GEBVs of selection units and DH lines from cycles C0 to C3

Means of GEBVs presented in Table 1 were similar for selection units (C1-S₁, C2-S₀) and DH lines (C1-DH, C2-DH) extracted from them, corroborating results from molecular analyses that DH lines are a representative sample of the selection units. For early plant height in growth stages V4 and V6, GEBVs increased continuously from C0 to C3. The largest increase was observed from C0 to C1 amounting to 1.5–1.9 SD for the two traits and replications. When fitting a linear regression model with cycle as predictor variable (C1 to C3), regression coefficients indicated a significant increase in GEBVs from C1-DH to C3-DH in both replications (0.3–0.6 SD per cycle, Table 1). For final plant height and flowering time, the regression coefficient in R1 was not significant but a significant change in GEBVs was observed in R2. Selection gains were diminishing from cycles C0 to C3 as would be expected for genomic selection without retraining.

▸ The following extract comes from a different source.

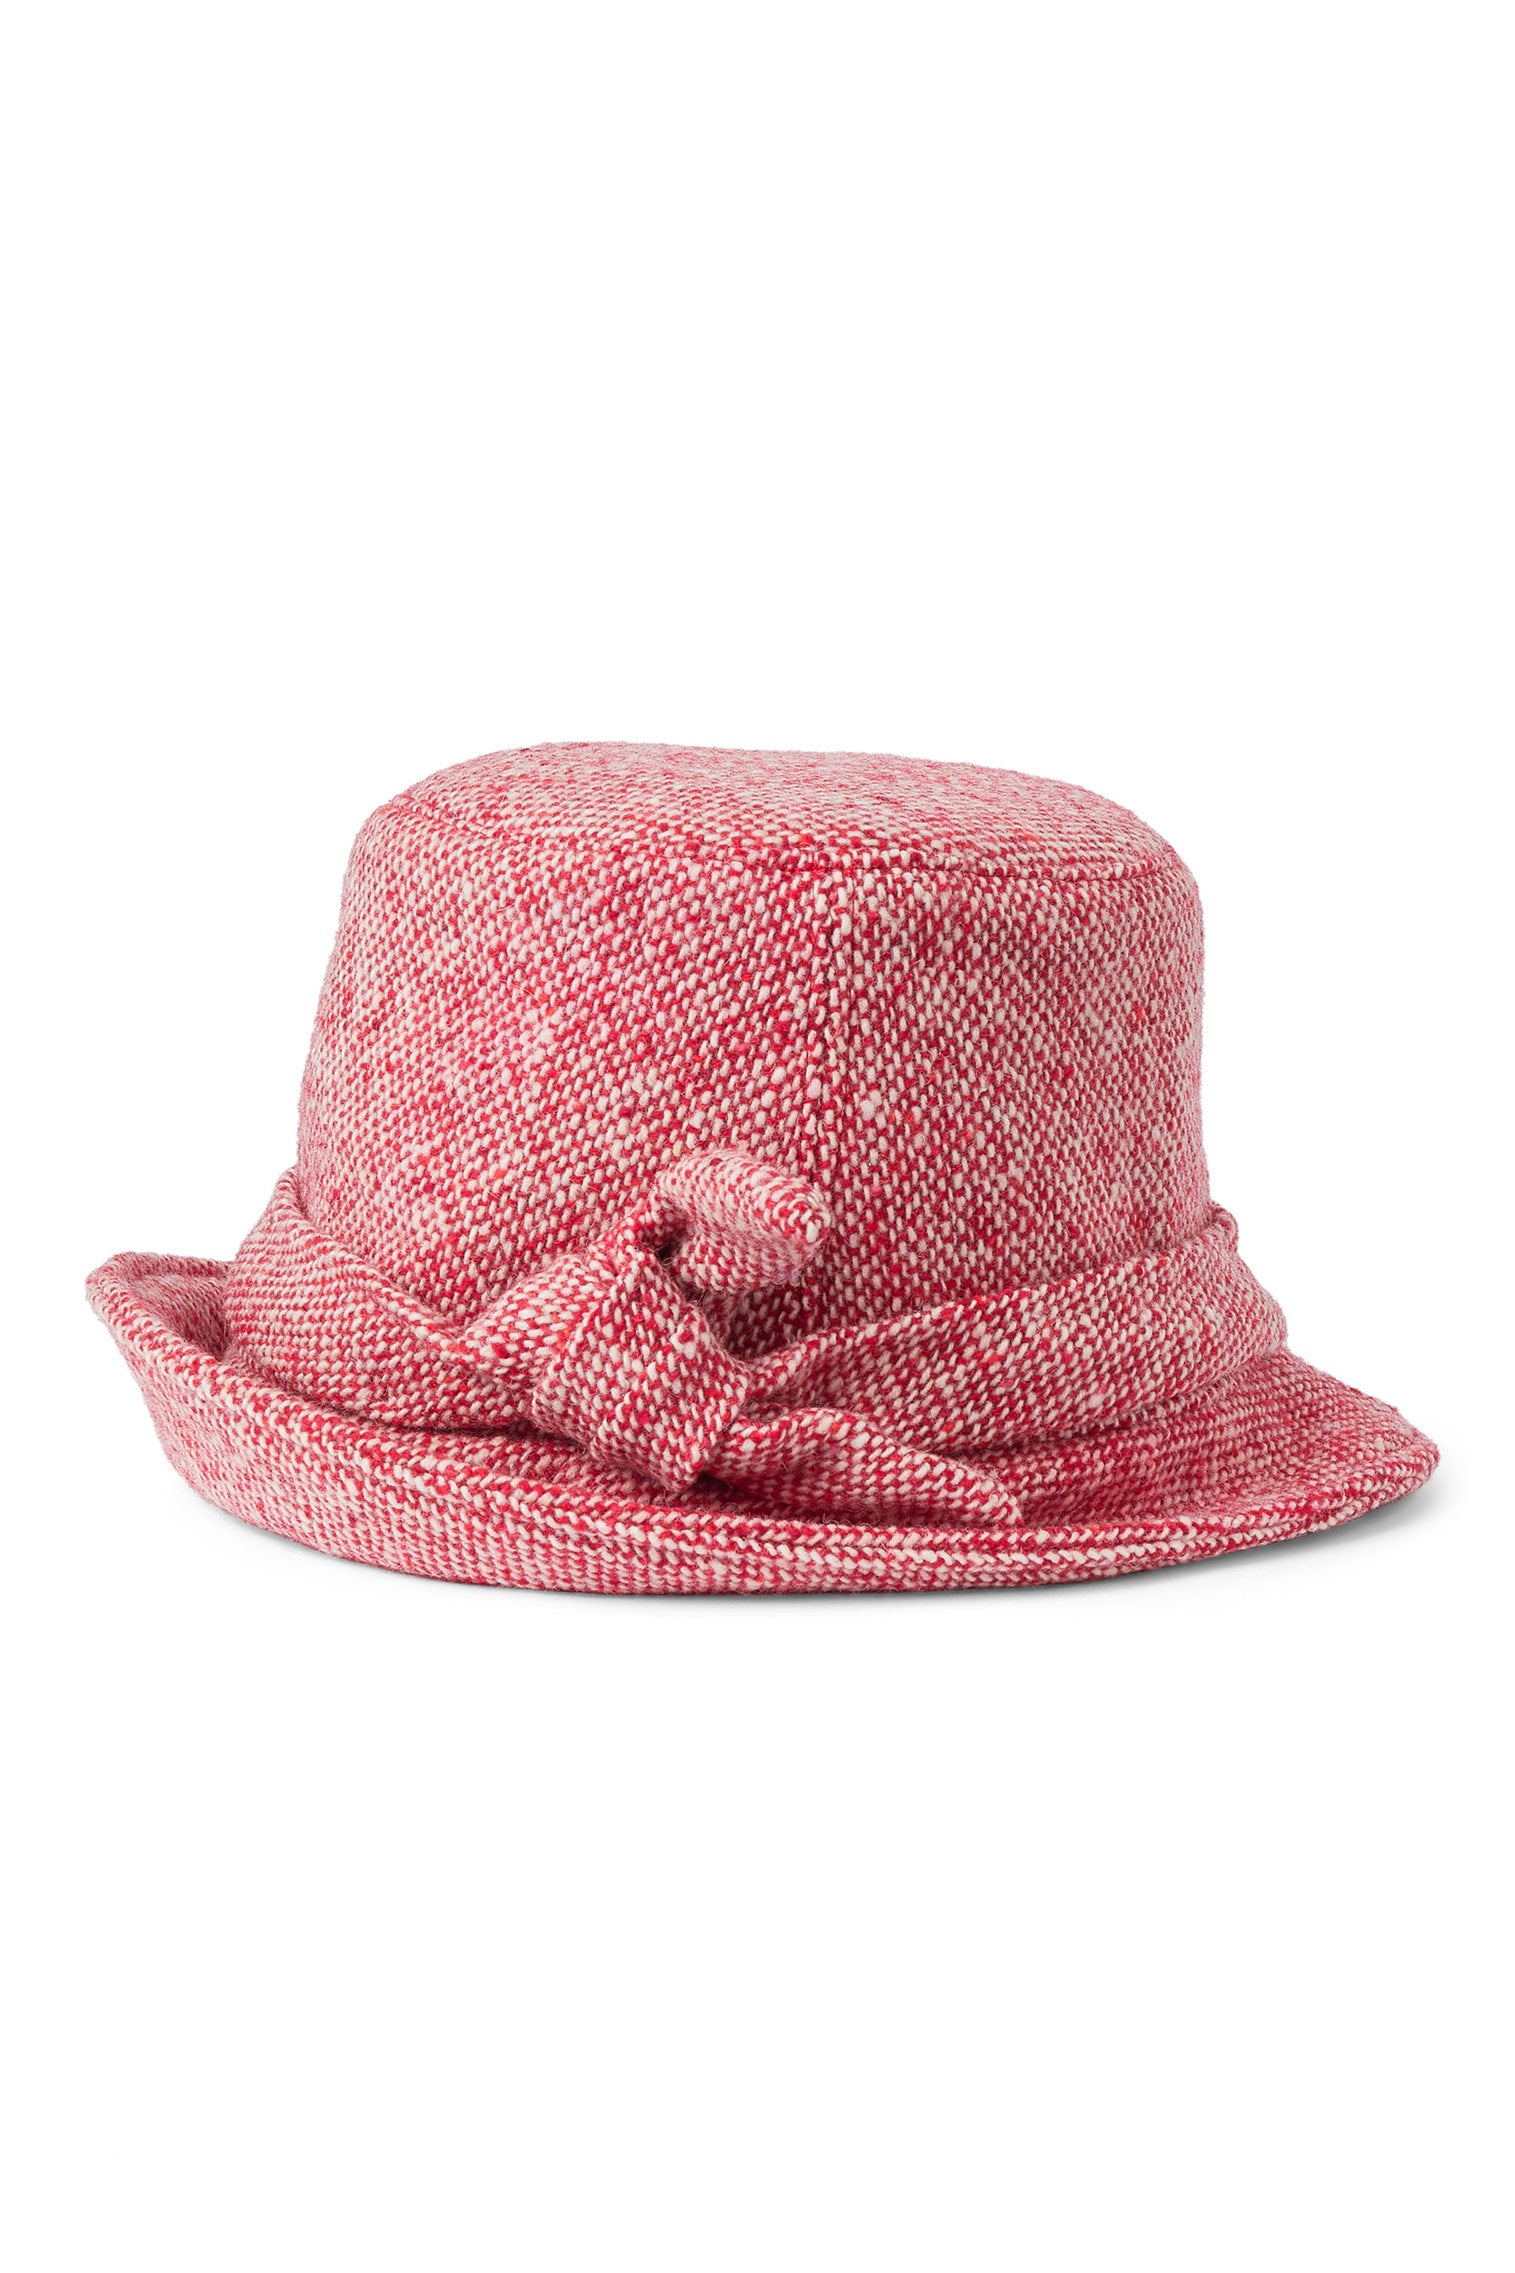 Dolores Red Cloche - Women’s Hats - Lock & Co. Hatters London UK

Adjusted entry means of DH lines from cycles C0 to C3

DH lines representing cycles C1 to C3 were evaluated in multi-environment field trials in years 2022 and 2023 together with the 105 DH lines of C0r to quantify realized selection gain for the traits under selection. To serve as benchmark, C0r needs to be a representative subsample of C0. In 2017/18, mean and variance estimates for the selection traits did not differ significantly between C0r and C0 (Table S3), indicating that C0r can serve as a reference for evaluating selection gain from C0 to C3. Molecular analyses corroborated these findings with C0 and C0r being close together on the first and second principal coordinates (Fig. 2).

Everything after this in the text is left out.